Important honesty here: if you’re a HIPAA-covered entity or business associate, this stack does not remove your BAA obligations with whichever cloud LLM you use. Pseudonymised PHI is still PHI. For personal use on your own health notes, this is a reasonable privacy posture — for professional clinical workflows, talk to your compliance team and read your vendor’s BAA. ⚠️


⚡ One-Click Privacy — Built-in Prompt Templates

Instead of typing the full pipeline every time, pseudonym-mcp ships two built-in prompt templates that chain masking, the LLM task, and unmasking automatically.
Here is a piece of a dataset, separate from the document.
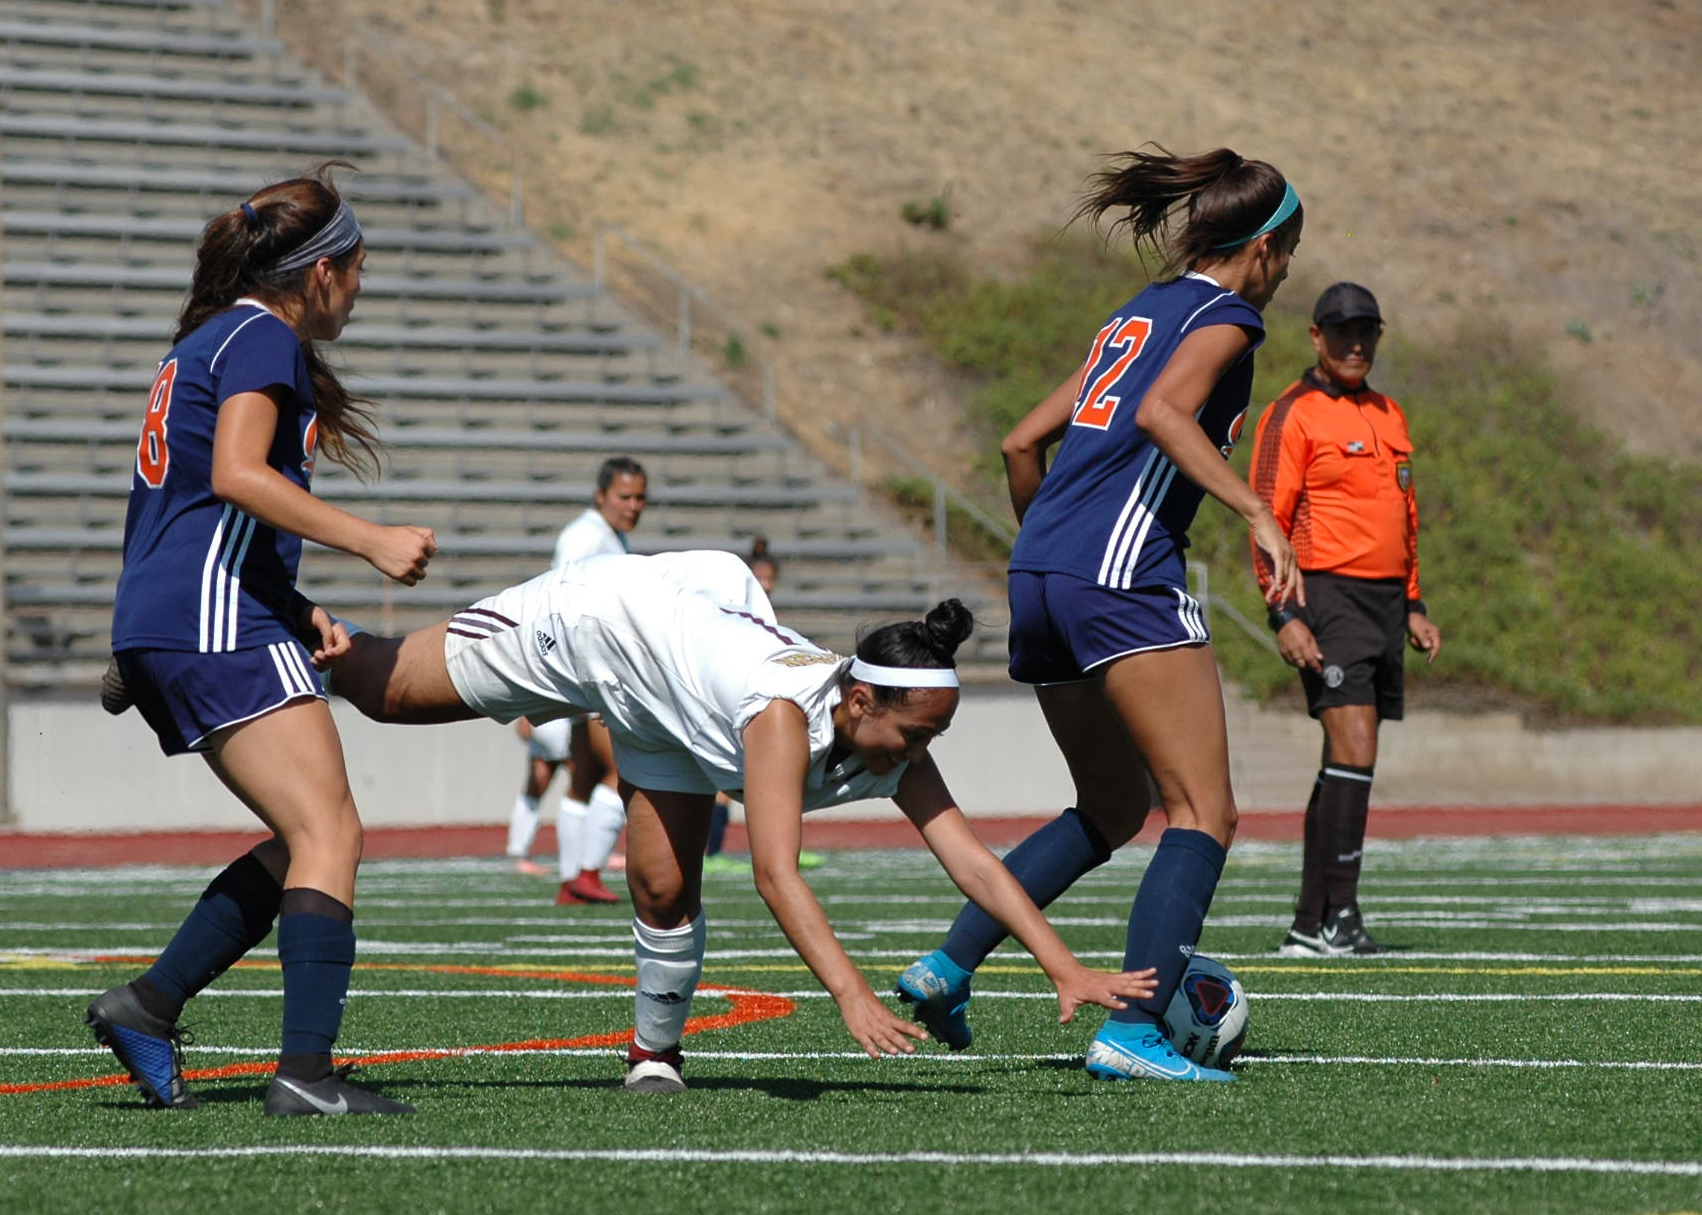 Zeanna Silva(12) and Brianna Jara(18) team up to steal the ball. Image: Thomas Garcia

pseudonymize_task — inline text

/pseudonymize_task text="Meeting with Jan Kowalski (PESEL: 90010112318). Contract: 45 000 zł." task="Extract action items"

What happens:

  1. pseudonym-mcp masks detected PII locally → [PERSON:1], [PESEL:1]
  2. Claude processes the anonymised text
  3. pseudonym-mcp restores originals in the response

Optional lang argument: en (default) or pl.

privacy_scan_file — file or PDF

Requires macos-vision-mcp to be installed alongside pseudonym-mcp.

/privacy_scan_file filePath="/Users/me/vault/contracts/nda.pdf" task="Summarize obligations and deadlines"

What happens:

  1. macos-vision-mcp extracts text from the file on-device via Apple Vision
  2. pseudonym-mcp masks detected PII before sending anything to the cloud
  3. Claude processes the masked content
  4. pseudonym-mcp restores originals before the response is shown

Optional arguments: task (default: summarize the key points), lang (en or pl).


🛡️ What Gets Detected

These are the patterns the masker looks for. Detection is best-effort — not a guarantee.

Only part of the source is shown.